Madrid – Spain + Italy ≈ Rome

Embedding of PowerShell scripts

Since training a good embedding requires a significant amount of data, we used a large and diverse corpus of 386K distinct unlabeled PowerShell scripts. The Word2vec algorithm, which is typically used with human languages, provides similarly meaningful results when applied to PowerShell language. To accomplish this, we split the PowerShell scripts into tokens, which then allowed us to use the Word2vec algorithm to assign a vectorial representation to each token .

Figure 1 shows a 2-dimensional visualization of the vector representations of 5,000 randomly selected tokens, with some tokens of interest highlighted. Note how semantically similar tokens are placed near each other. For example, the vectors representing -eq, -ne and -gt, which in PowerShell are aliases for “equal”, “not-equal” and “greater-than”, respectively, are clustered together. Similarly, the vectors representing the allSigned, remoteSigned, bypass, and unrestricted tokens, all of which are valid values for the execution policy setting in PowerShell, are clustered together.
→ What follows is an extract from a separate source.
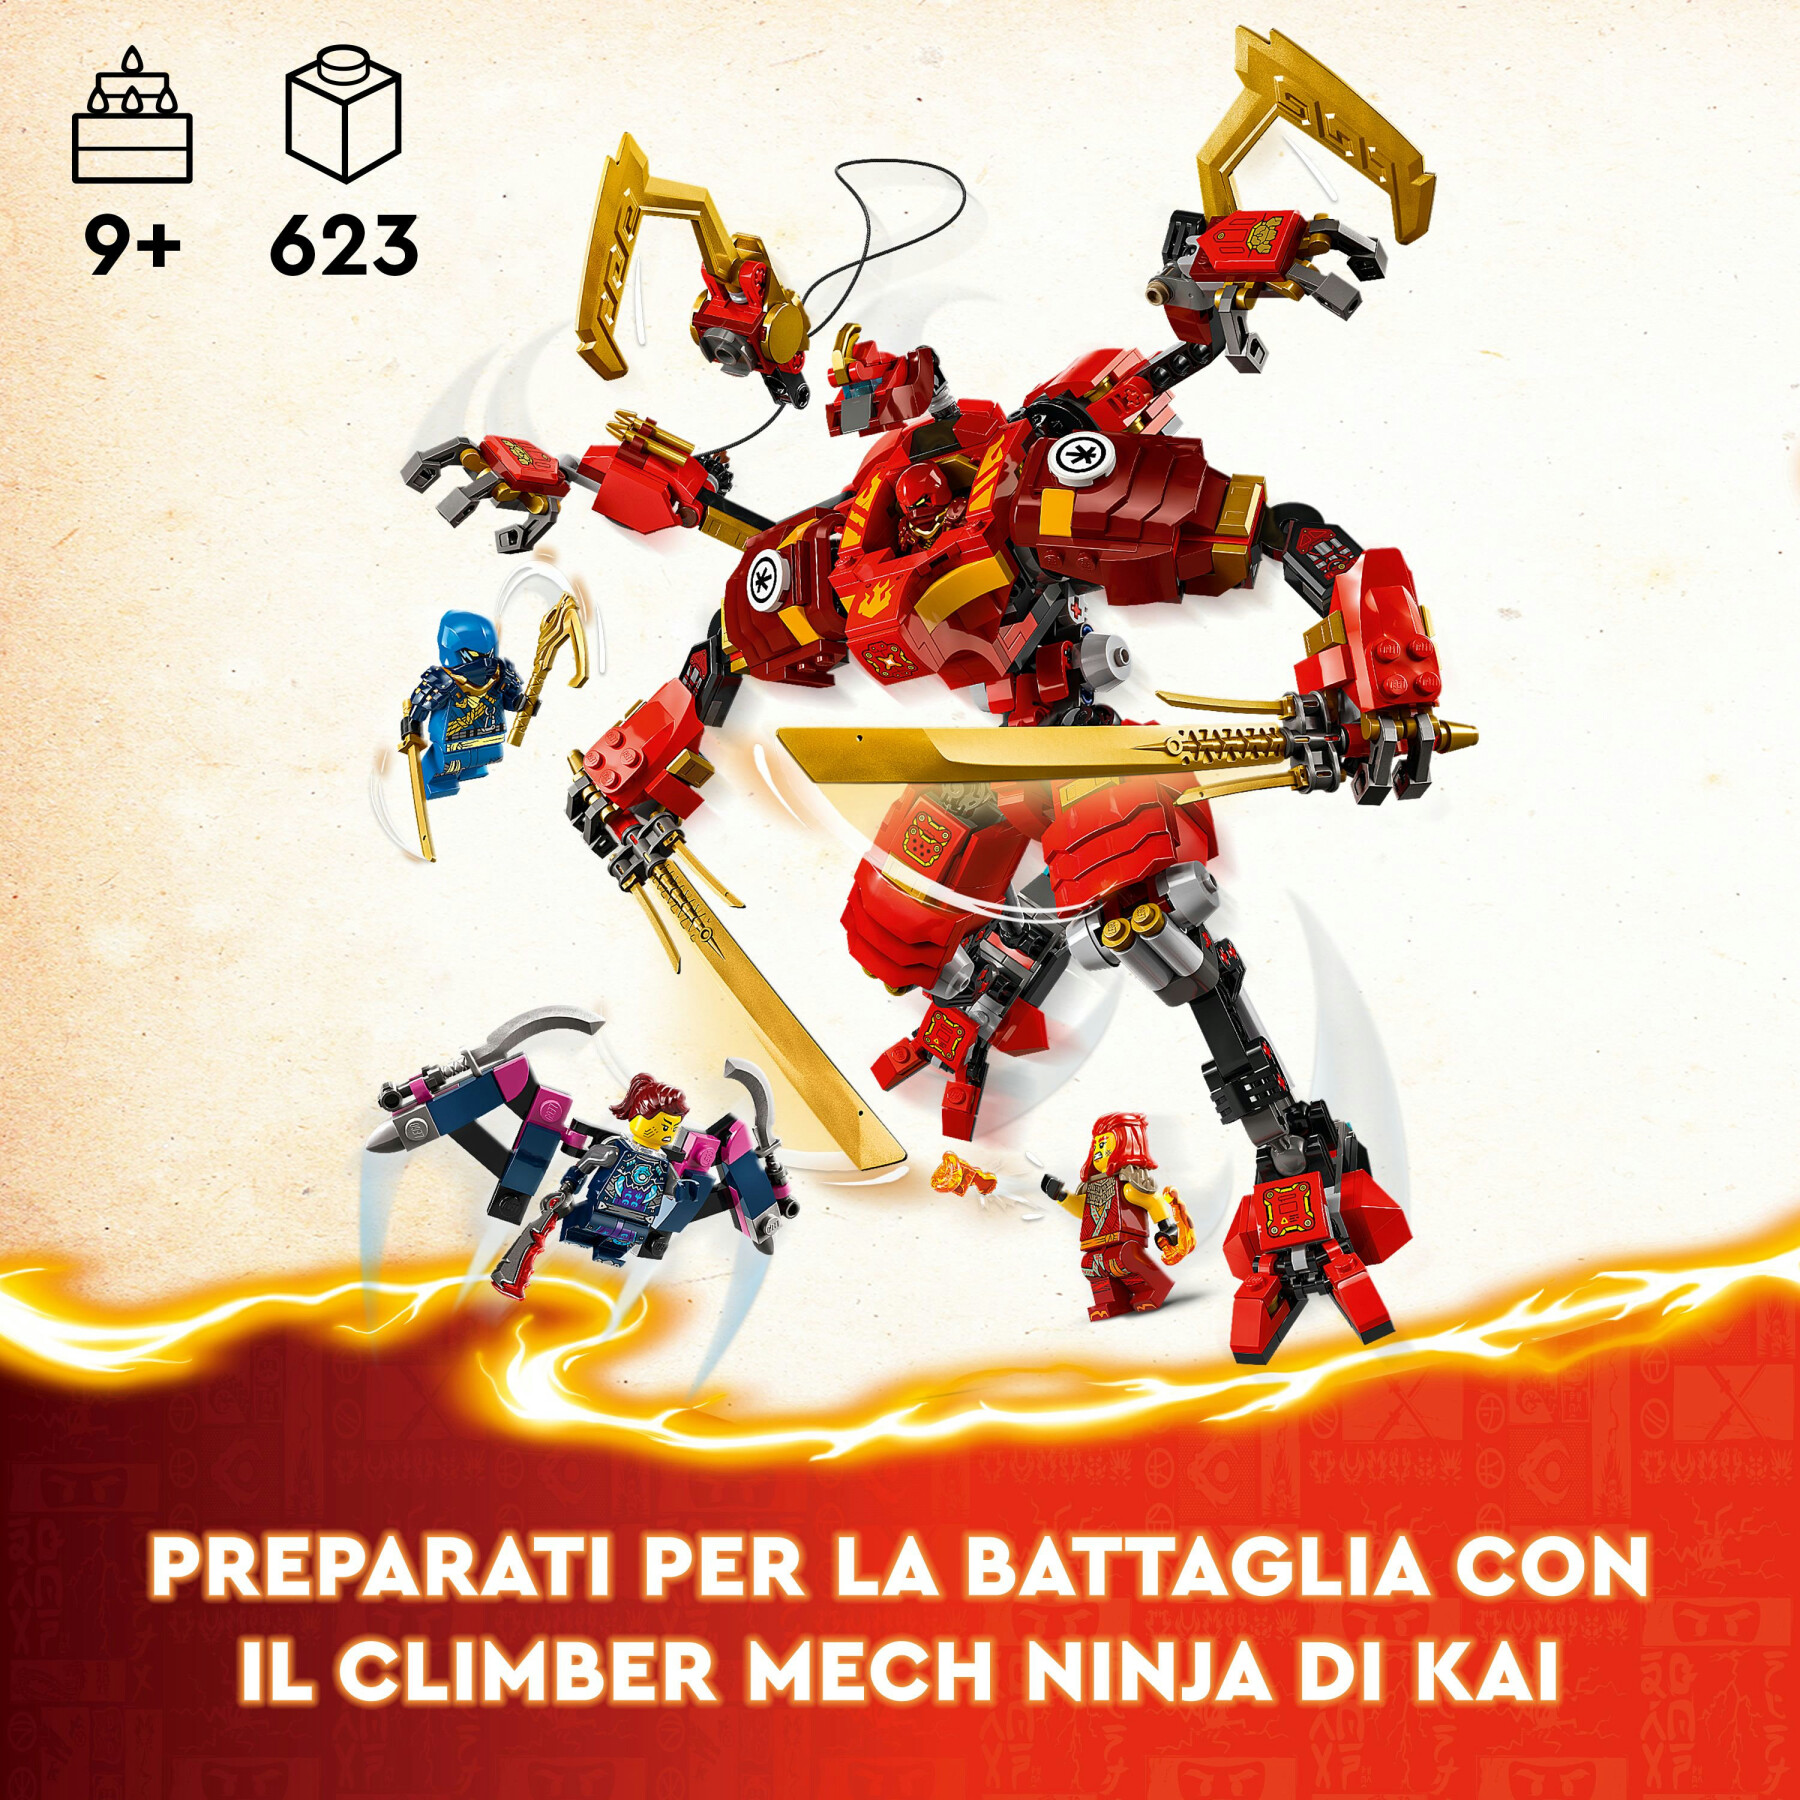 Lego ninjago 71812 climber mech ninja di kai, giochi per bambini 9+ anni con guerriero giocattolo da costruire e 4 minifigure - LEGO NINJAGO

Figure 1. 2D visualization of 5,000 tokens using Word2vec

Examining the vector representations of the tokens, we found a few additional interesting relationships.

Token similarity: Using the Word2vec representation of tokens, we can identify commands in PowerShell that have an alias. In many cases, the token closest to a given command is its alias. For example, the representations of the token Invoke-Expression and its alias IEX are closest to each other. Two additional examples of this phenomenon are the Invoke-WebRequest and its alias IWR, and the Get-ChildItem command and its alias GCI.
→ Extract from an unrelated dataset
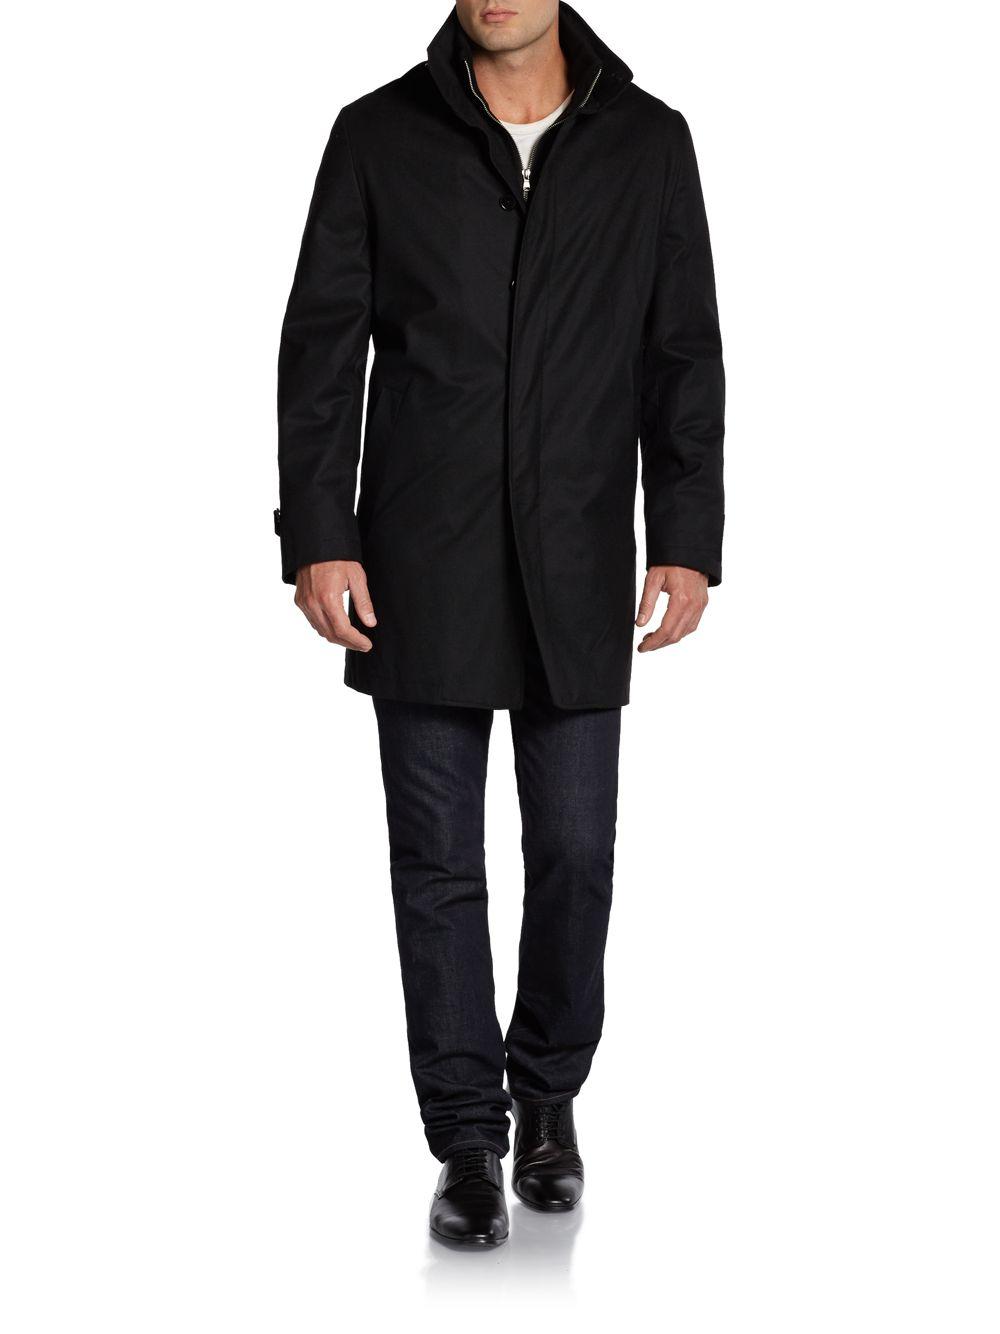 Lyst - Saks Fifth Avenue Black Wool Zip-front Topcoat in Black for Men

We also measured distances within sets of several tokens. Consider, for example, the four tokens $i, $j, $k and $true (see the right side of Figure 2). The first three are usually used to represent a numeric variable and the last naturally represents a Boolean constant. As expected, the $true token mismatched the others – it was the farthest (using the Euclidean distance) from the center of mass of the group.

More specific to the semantics of PowerShell in cybersecurity, we checked the representations of the tokens: bypass, normal, minimized, maximized, and hidden (see the left side of Figure 2). While the first token is a legal value for the ExecutionPolicy flag in PowerShell, the rest are legal values for the WindowStyle flag. As expected, the vector representation of bypass was the farthest from the center of mass of the vectors representing all other four tokens.
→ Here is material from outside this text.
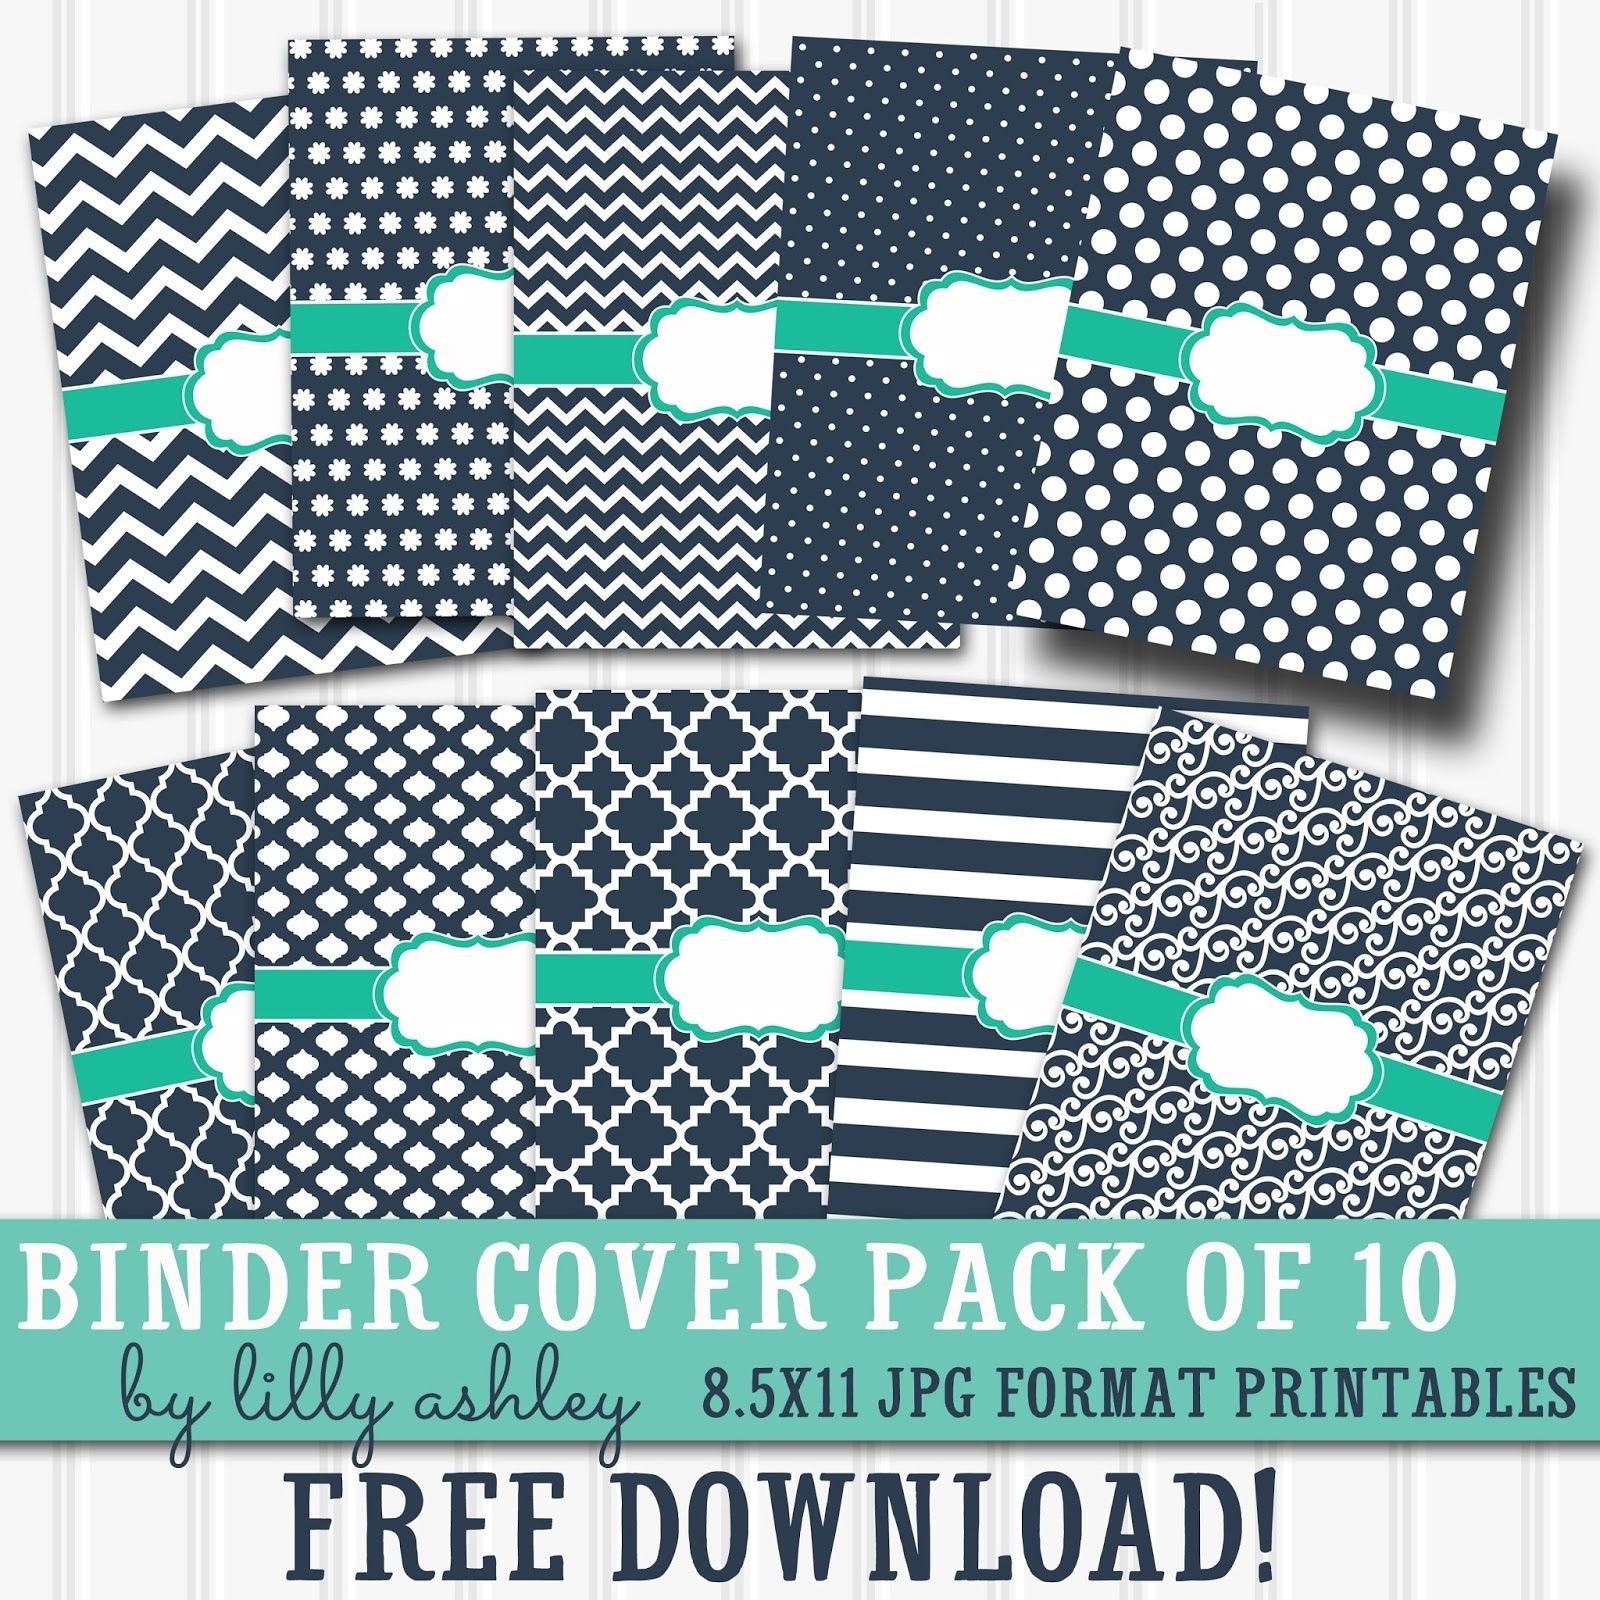 Free Printable Binder Covers Pack Of 10 | Diy School Supplies - Free Printable Binder Covers

Figure 2. 3D visualization of selected tokens

Linear Relationships: Since Word2vec preserves linear relationships, computing linear combinations of the vectorial representations results in semantically meaningful results. Below are a few interesting relationships we found:

high – $false + $true ≈’ low
‘-eq’ – $false + $true ‘≈ ‘-neq’
DownloadFile – $destfile + $str ≈’ DownloadString ‘
Export-CSV’ – $csv + $html ‘≈ ‘ConvertTo-html’
‘Get-Process’-$processes+$services ‘≈ ‘Get-Service’

In each of the above expressions, the sign ≈ signifies that the vector on the right side is the closest (among all the vectors representing tokens in the vocabulary) to the vector that is the result of the computation on the left side.

Detection of malicious PowerShell scripts with deep learning

We used the Word2vec embedding of the PowerShell language presented in the previous section to train deep learning models capable of detecting malicious PowerShell scripts. The classification model is trained and validated using a large dataset of PowerShell scripts that are labeled “clean” or “malicious,” while the embeddings are trained on unlabeled data. The flow is presented in Figure 3.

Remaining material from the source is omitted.